15. What are the key security enhancements?

Java 11 introduced several key security enhancements aimed at improving the overall security of the Java platform. Some of the notable enhancements include:

• Enhanced KeyStore Mechanisms: Java 11 added support for PKCS12 as the default keystore format, which provides stronger encryption algorithms and better interoperability with other systems.
• Improved TLS Protocols: Java 11 supports TLS 1.3, which offers improved security and performance over previous versions of the TLS protocol. This includes faster handshake processes and enhanced encryption methods.
• Enhanced Cryptographic Algorithms: Java 11 includes updates to several cryptographic algorithms, ensuring they meet the latest security standards. This includes support for new algorithms and improvements to existing ones.

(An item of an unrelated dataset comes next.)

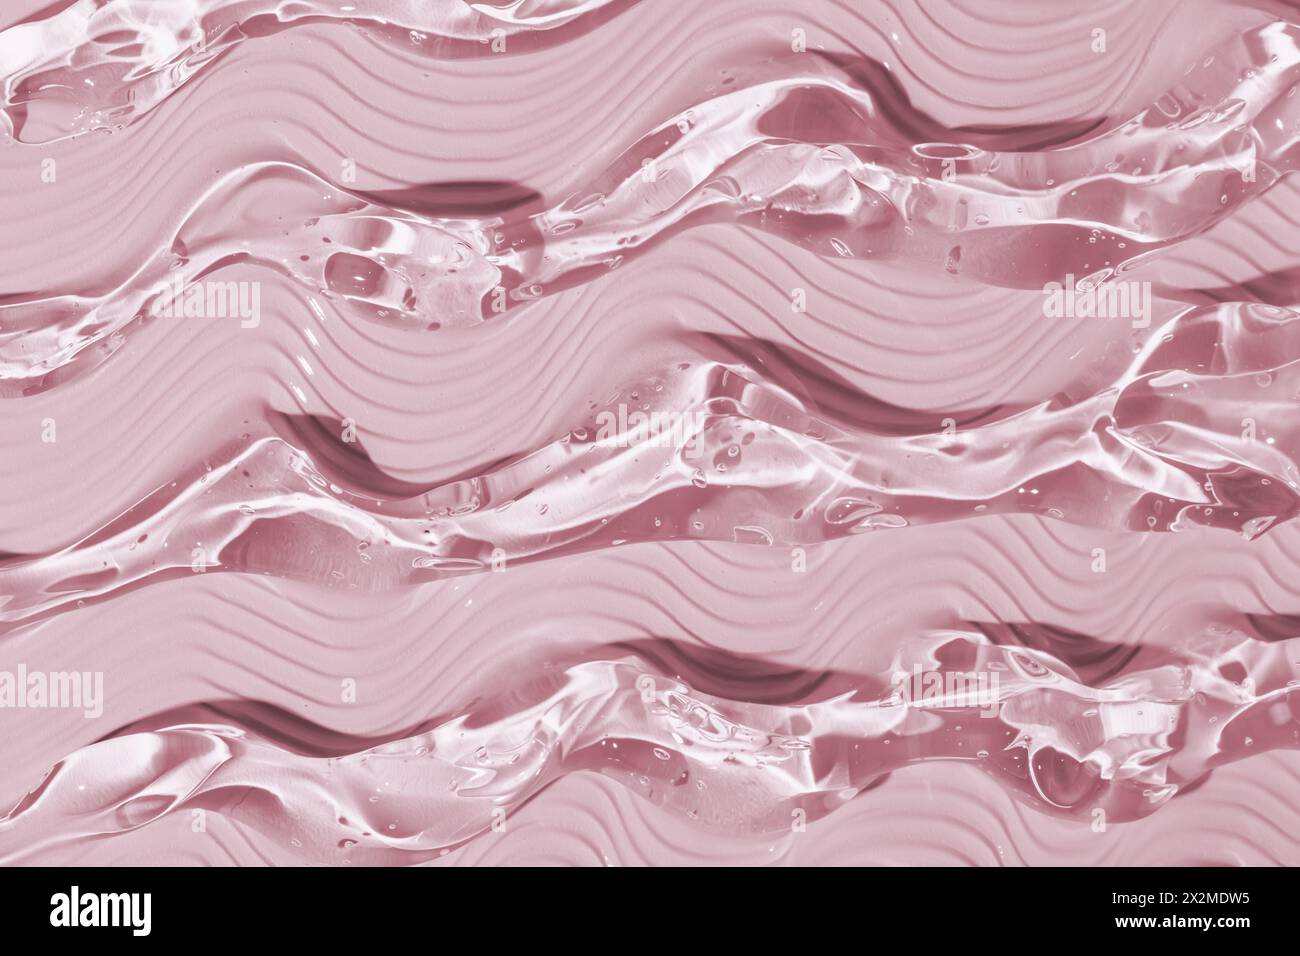 Dieses Bild zeigt eine Nahaufnahme glatter, welliger pinkfarbener Geltexturen, die eine beruhigende und fließende Ästhetik verleihen Stockfoto

• Class-Data Sharing (CDS) Improvements: Java 11 extends CDS to allow application classes to be included in the shared archive, which can help reduce startup time and memory footprint, indirectly contributing to security by reducing the attack surface.
• Deprecation and Removal of Weak Algorithms: Java 11 deprecates and removes several weak cryptographic algorithms and protocols, encouraging developers to use more secure alternatives.